Из всего сказанного ясно видно, что ученье наше шло без систематического порядка и последовательности и что вместо действительных знаний и стройного целого учебных заведений у нас образовалась только масса сведений, перепутанных фантазиями. Но, несмотря на это, наука как-то сделалась живою частию нас самих. Мы приобретали любознательность, страсть к чтению и способность самообразования. Оно пополняло недостаток запаса знаний. Между тем влияние литературы и учителей с новыми взглядами, картина крепостного быта, либеральные идеалы, распространенные в обществе, соединившись с врожденными наклонностями Саши, обозначили основные черты его характера и определили карьеру жизни. Сама среда, окружавшая его с колыбели, помогала развитию такого направления своим резким отрицанием усвоенных им понятий и заставила еще выразительнее выступать их блестящие стороны. При этом Шиллер с либерально-гражданским стремлением, с любовью к людям и истине, поднятыми до первообраза, были так симпатичны идеальному юноше, что он сделал религией своей жизни осуществление этих возвышенных типов. Он не вздрогнул перед громадностию задачи и не взял в расчет, что подниматься не то же, что бросаться в размах. Да и возможно ли это в четырнадцать лет?
Глава 13Юность1825–1827
Мы были в той поре счастливой,
Где юность началась едва,
И жизнь нова, и сердце живо,
И вера в будущность жива{1}.
Юность! юность! Ты, как восходящее солнце, весь мир обливаешь розовым светом. Сквозь твой утренний туман фантазии отрок, вступая в твою область, видит жизнь полною красоты, блеска, торжества. Сердце бьется сильно, кровь волнуется, избыток сил переполняет грудь.
И пусть юноши будут юношами, пусть отдаются верованиям, пусть рвутся к мировым подвигам, к великому, пусть отдаются дружбе, любви, льют слезы грусти и восторга. Душа, раз отдавшись широкому разливу, не забудет его никогда. Не переживайте вашей юности; счастлив тот, кто сохранит юность души в старости, кто не даст душе окаменеть, ожесточиться.

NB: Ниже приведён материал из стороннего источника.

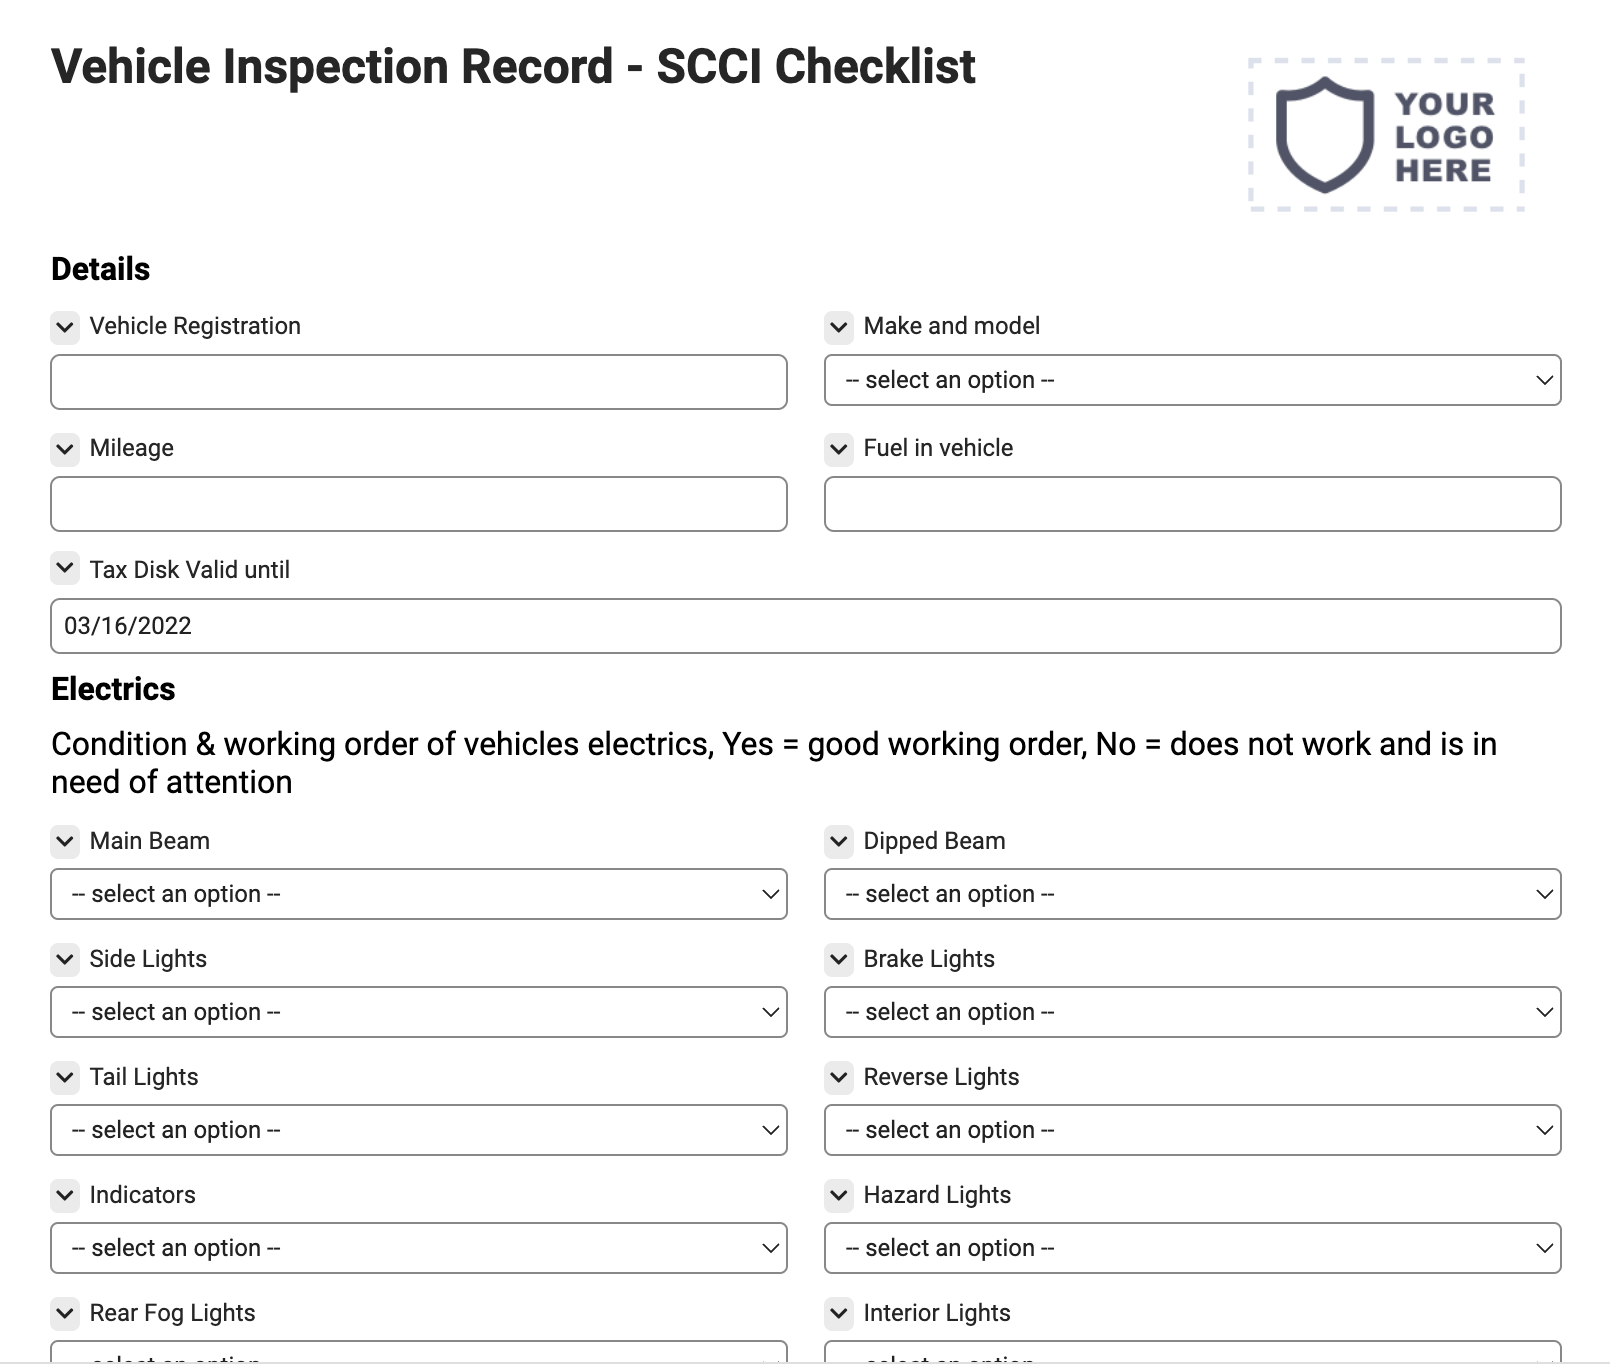 Vehicle Inspection Record - SCCI Checklist

Да будет благословенна юность!{2}
Саша, ранний цветок, преждевременно вступал в эту благодатную пору жизни. Отрочество кончается, а юность наступает обыкновенно в шестнадцать лет. Для Саши отрочество кончалось в четырнадцать. Он находился в том переходном состоянии, когда детская, наивная прелесть пропадает, юношеская красота еще не является, в чертах дисгармония, нет грации, в движениях угловатость, глаза томны, а подчас заискрятся, щеки бледны, а подчас вспыхнут. То же совершается и в душе:, волненье, томность, зародыши страстей, чувство чего-то неопределенного. Затем — юность, восторженный лиризм, раскрытые объятия всему божьему миру.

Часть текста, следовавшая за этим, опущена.